We have not yet begun to scratch the surface of how pathogens and other bugs can manipulate behavior. This is a major cost of infection that people rarely consider; our personalities are no doubt shaped in part by our current and past infections and our microbiome.

In The Selfish Gene, Dawkins speculates that sexually transmitted infections, in order to spread as far and wide as possible, could increase the libidos of their hosts.

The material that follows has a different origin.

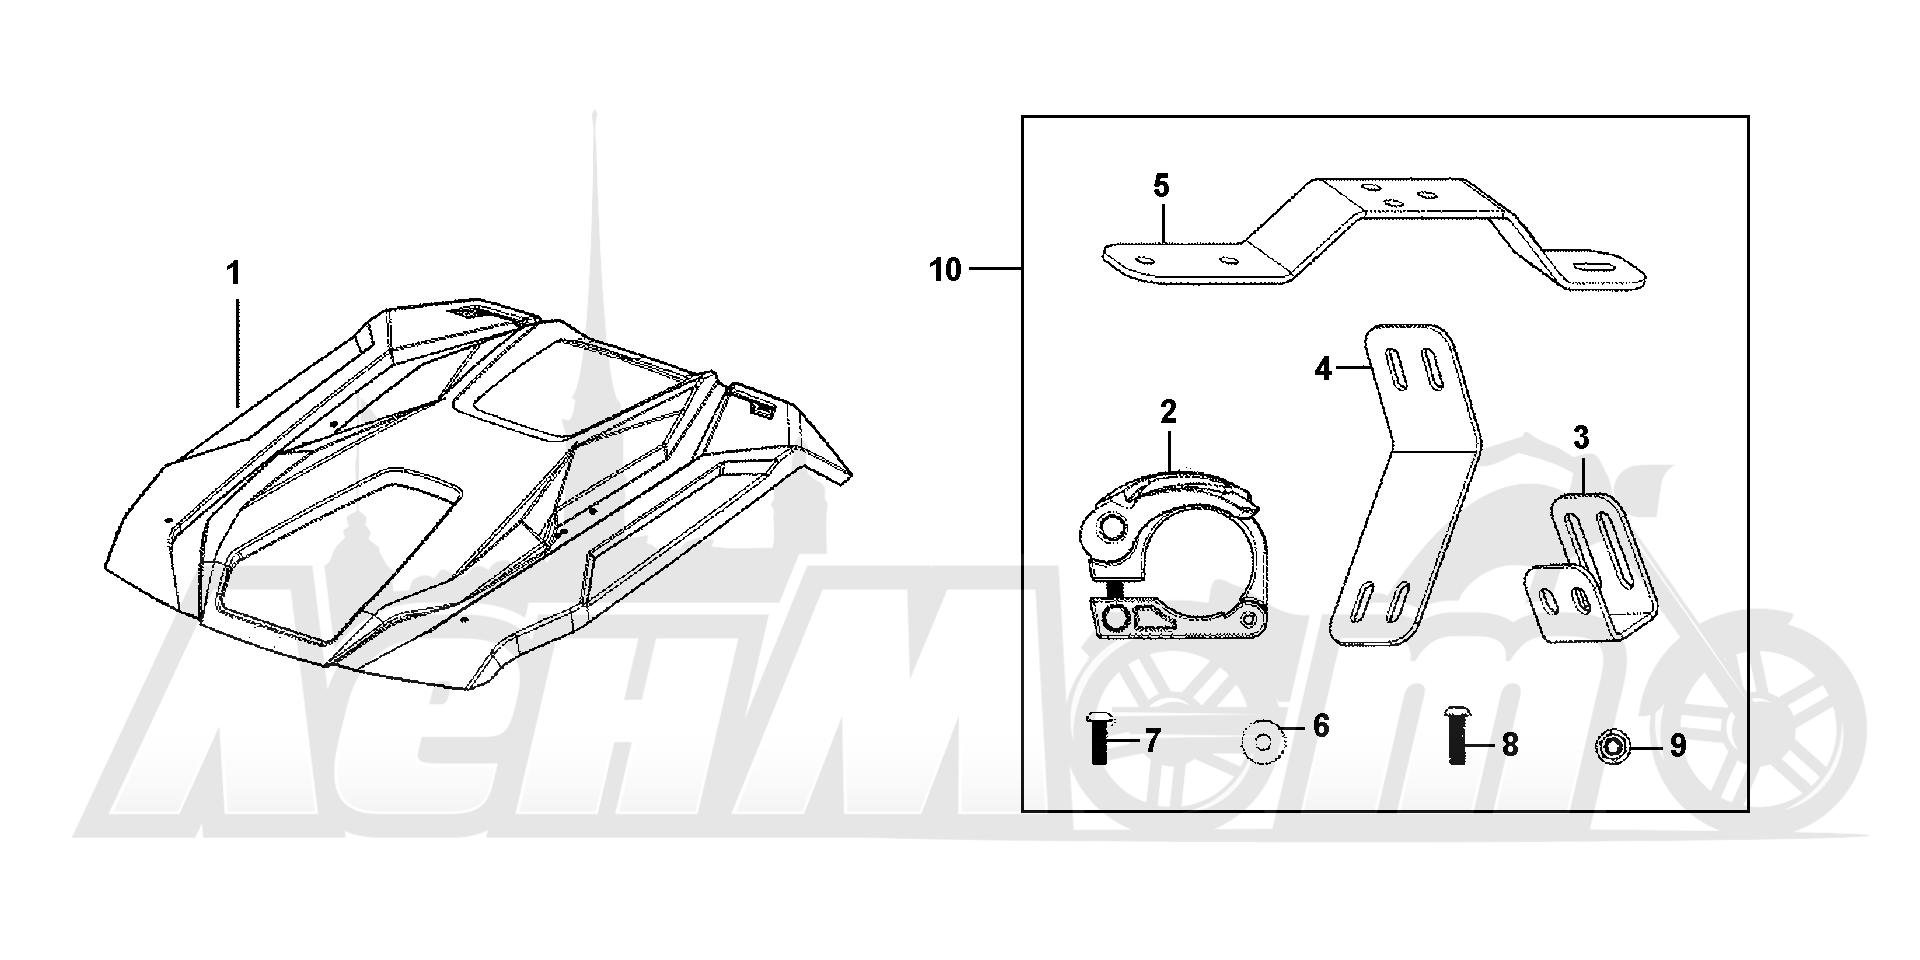 Запчасти для Квадроцикла Honda 2019 SXS1000M3L Раздел: HARD ROOF (5P) | HARD крыша (5P)

I do not know of any direct evidence that sexually transmitted diseases increase the libido of sufferers, but I conjecture that it would be worth looking into. Certainly at least one alleged aphrodisiac, Spanish Fly, is said to work by inducing an itch . . . and making people itch is just the kind of thing viruses are good at.

(Dawkins 2006 pg. 247)

Treponema_pallidum
Electron micrograph of Treponema pallidum via wikimedia commons

Recently I came across an amazing example of syphilis doing just that in Oliver Sacks’ “The Man who Mistook his Wife for a Hat” where a 90 year old woman who had a primary but suppressed syphilis infection tests positive for neurosyphilis in her spinal fluid:   A bright woman of ninety, Natasha K., recently came to our clinic. Soon after her eighty-eighth birthday, she said, she noticed ‘a change’. What sort of change? we queried.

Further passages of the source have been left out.